● **WORK ORDER**
A word-for-word copy of the data is what's wanted; pictures stay out of it.

● **RECORDED INFORMATION**
+ + + + + + +

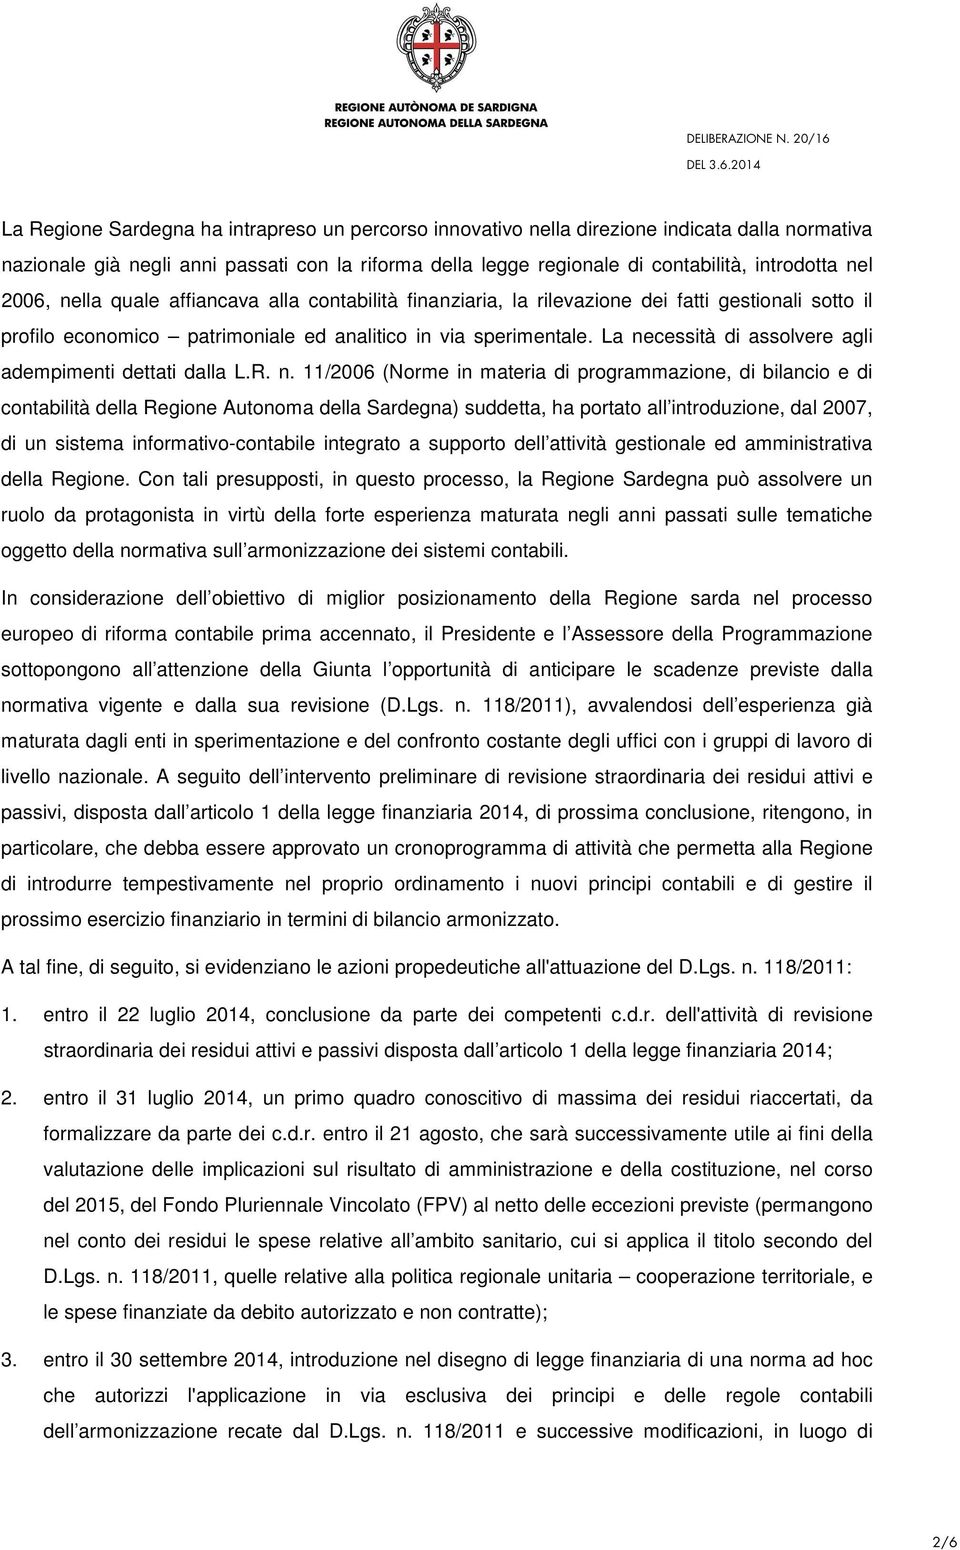 La necessità di assolvere agli adempimenti dettati dalla L.R. n. 11/2006 (Norme in materia di programmazione, di bilancio e di contabilità della Regione Autonoma della Sardegna) suddetta, ha portato
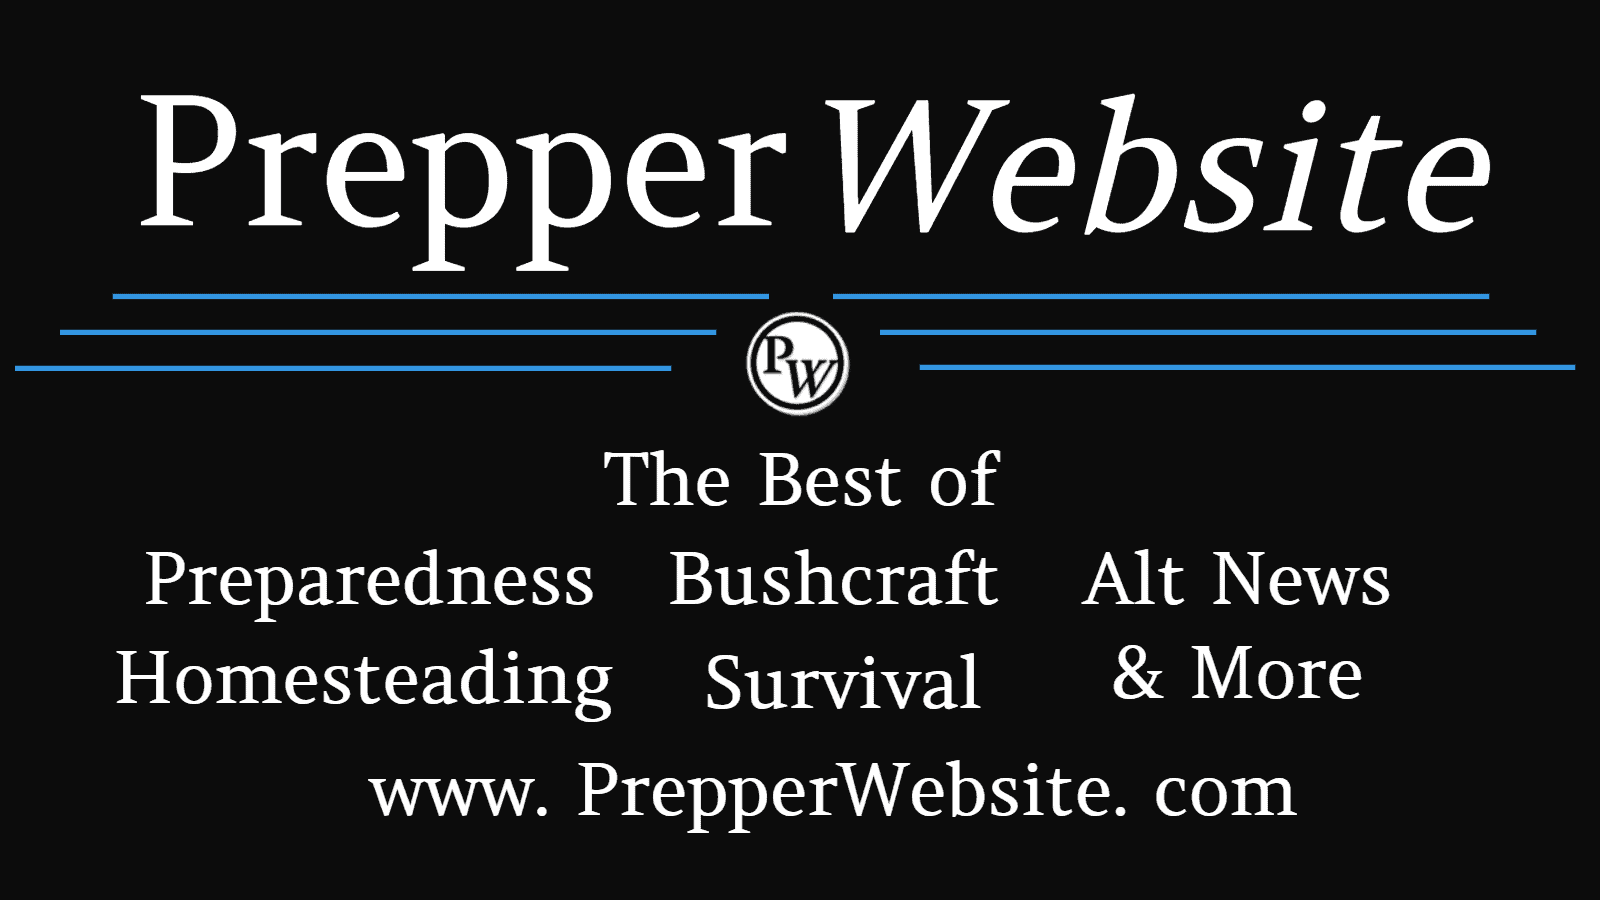 www.prepperwebsite.com
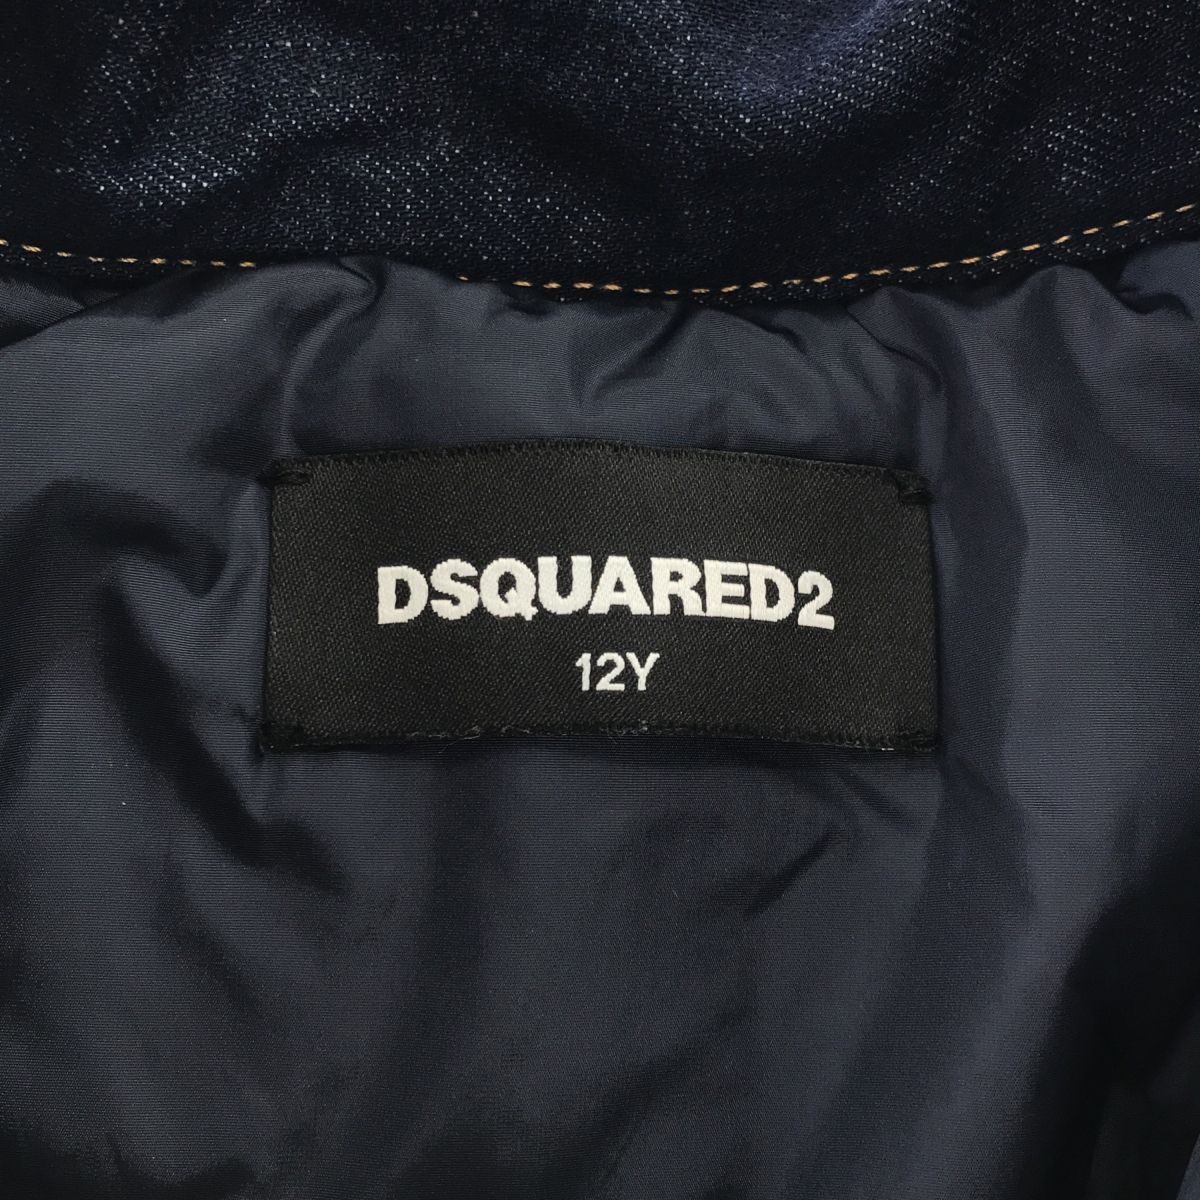 DSQUARED2 ディースクエアード デニム DQ02WL ジャケット ダウン アウター キッズサイズ 12Y アパレル 子供服
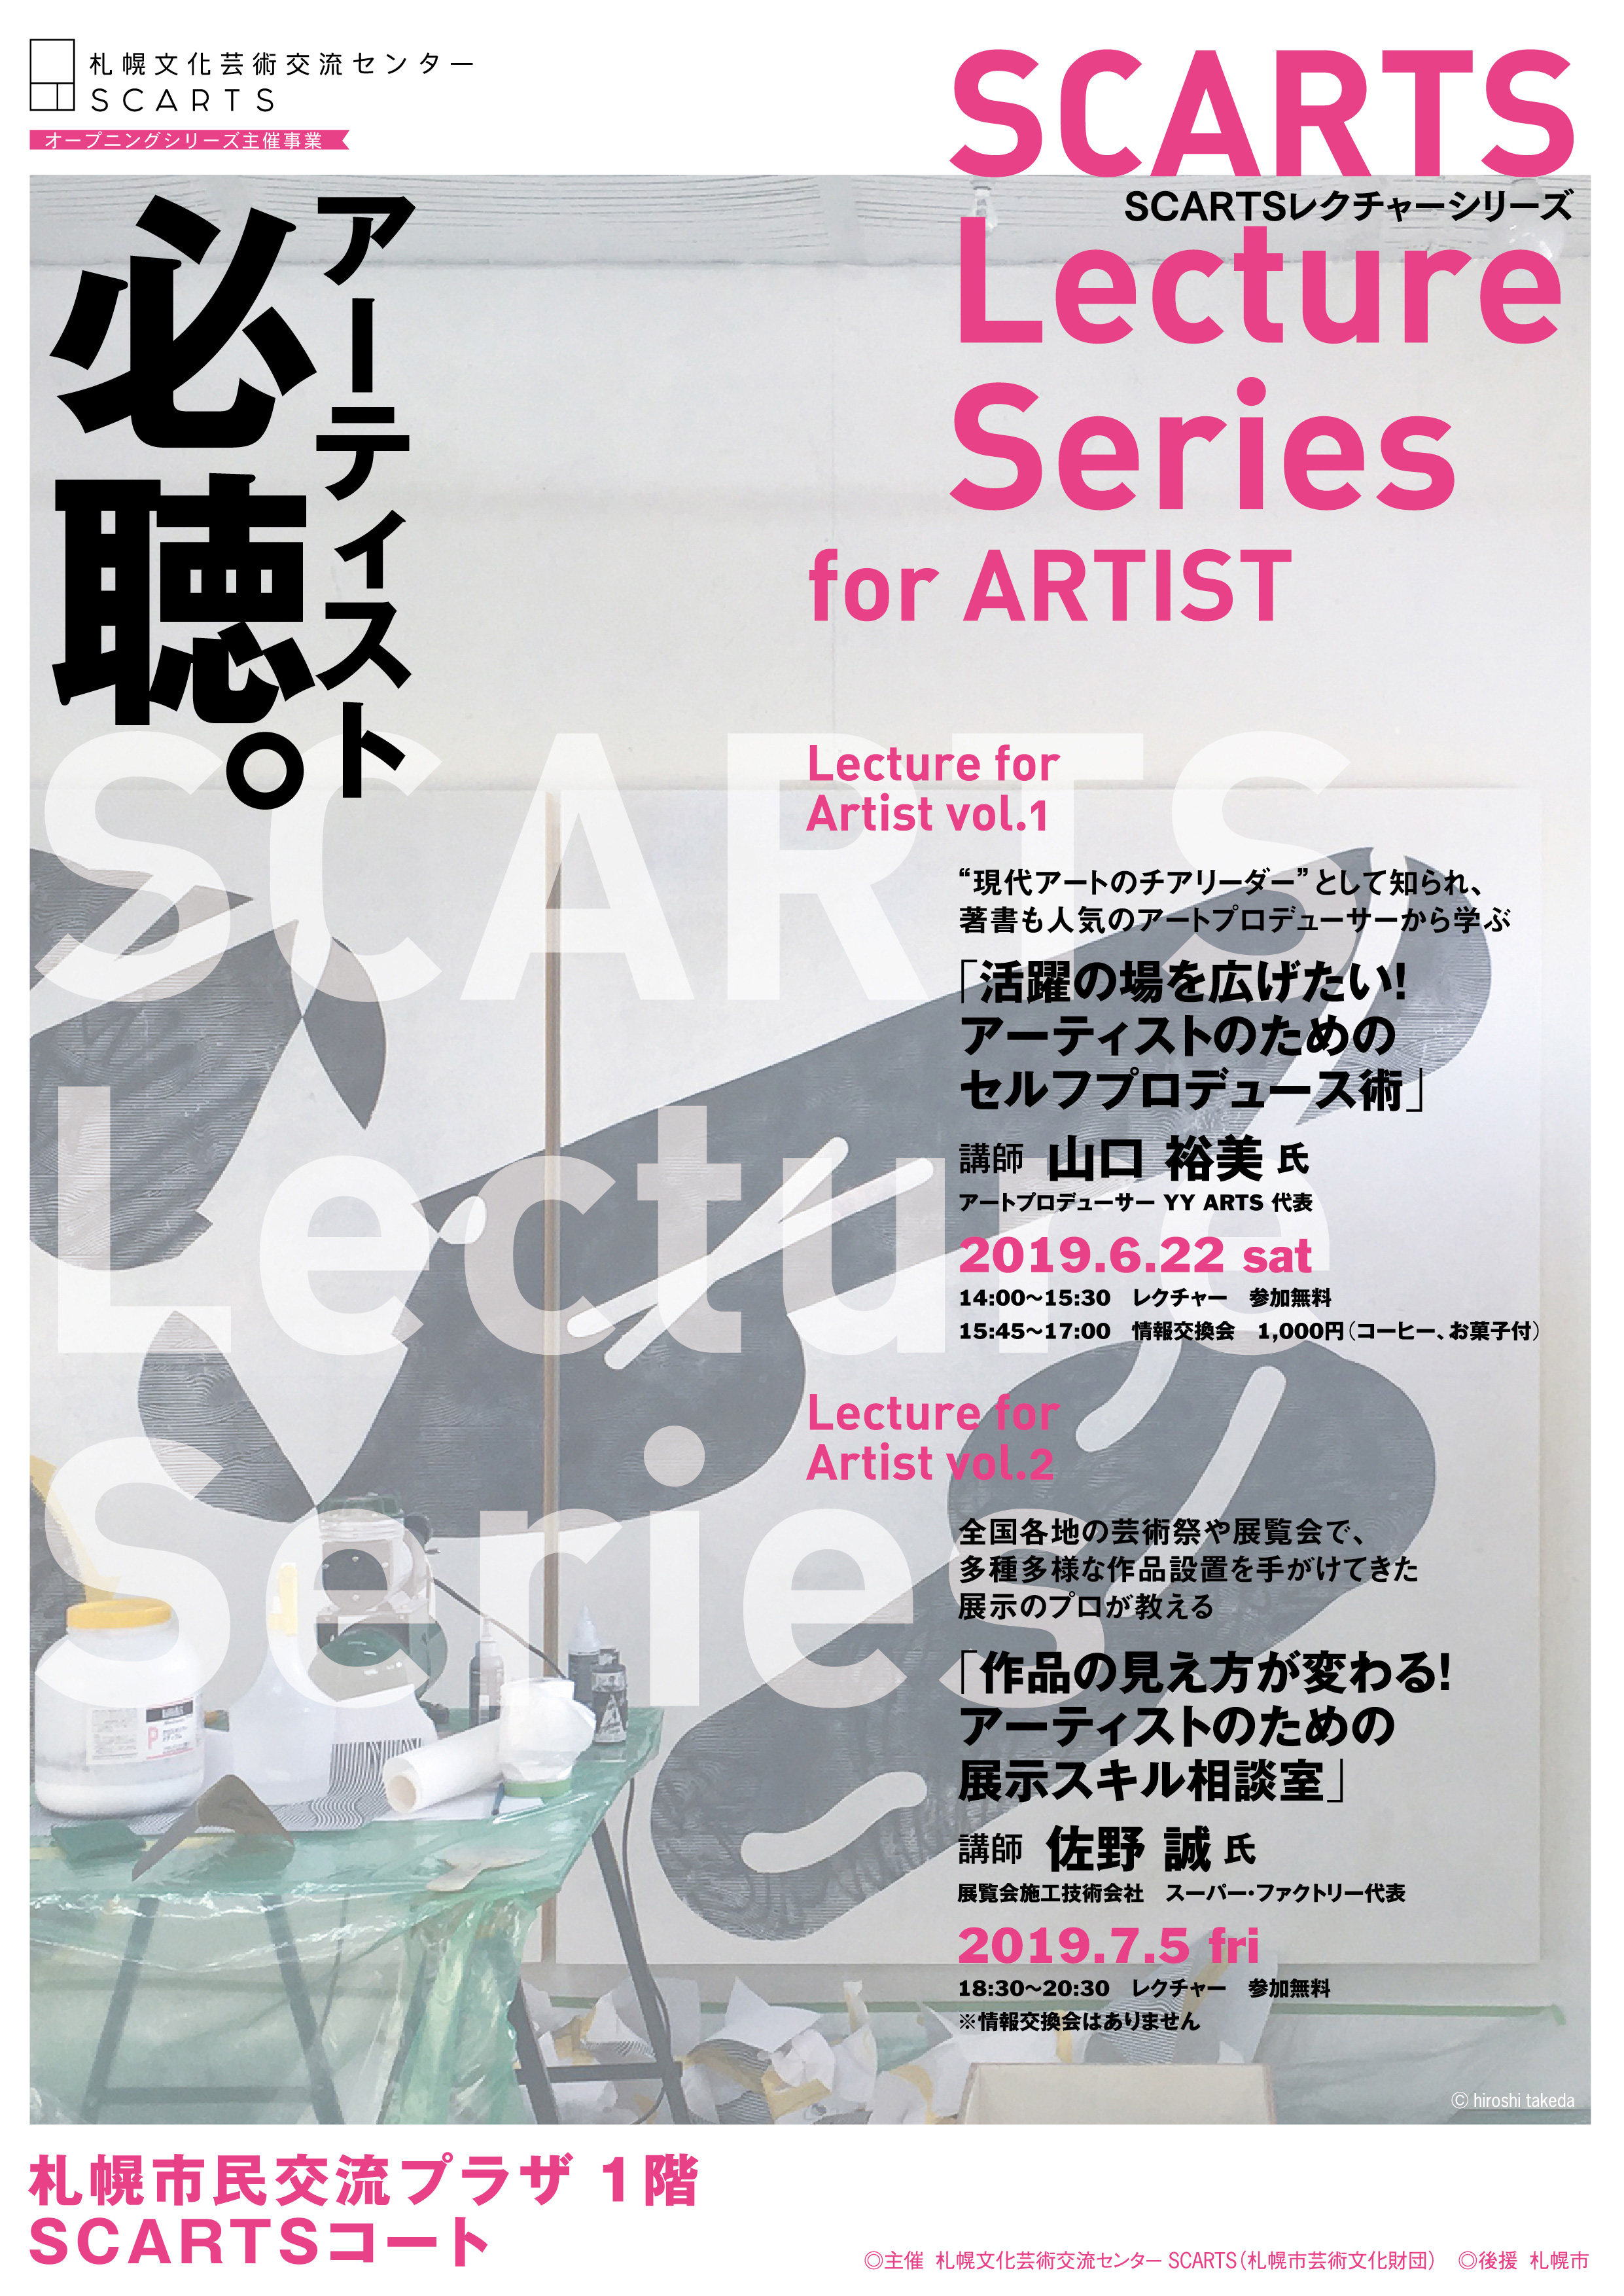 SCARTSレクチャーシリーズ for ARTIST vol.1「活躍の場を広げたい！アーティストのためのセルフプロデュース術」のイメージ2枚目

+ + + + + + +

● **WRITTEN REPLY**
 La necessità di assolvere agli adempimenti dettati dalla L.R. n. 11/2006 (Norme in materia di programmazione, di bilancio e di contabilità della Regione Autonoma della Sardegna) suddetta, ha portato
 www.prepperwebsite.com
 DSQUARED2 ディースクエアード デニム DQ02WL ジャケット ダウン アウター キッズサイズ 12Y アパレル 子供服
 SCARTSレクチャーシリーズ for ARTIST vol.1「活躍の場を広げたい！アーティストのためのセルフプロデュース術」のイメージ2枚目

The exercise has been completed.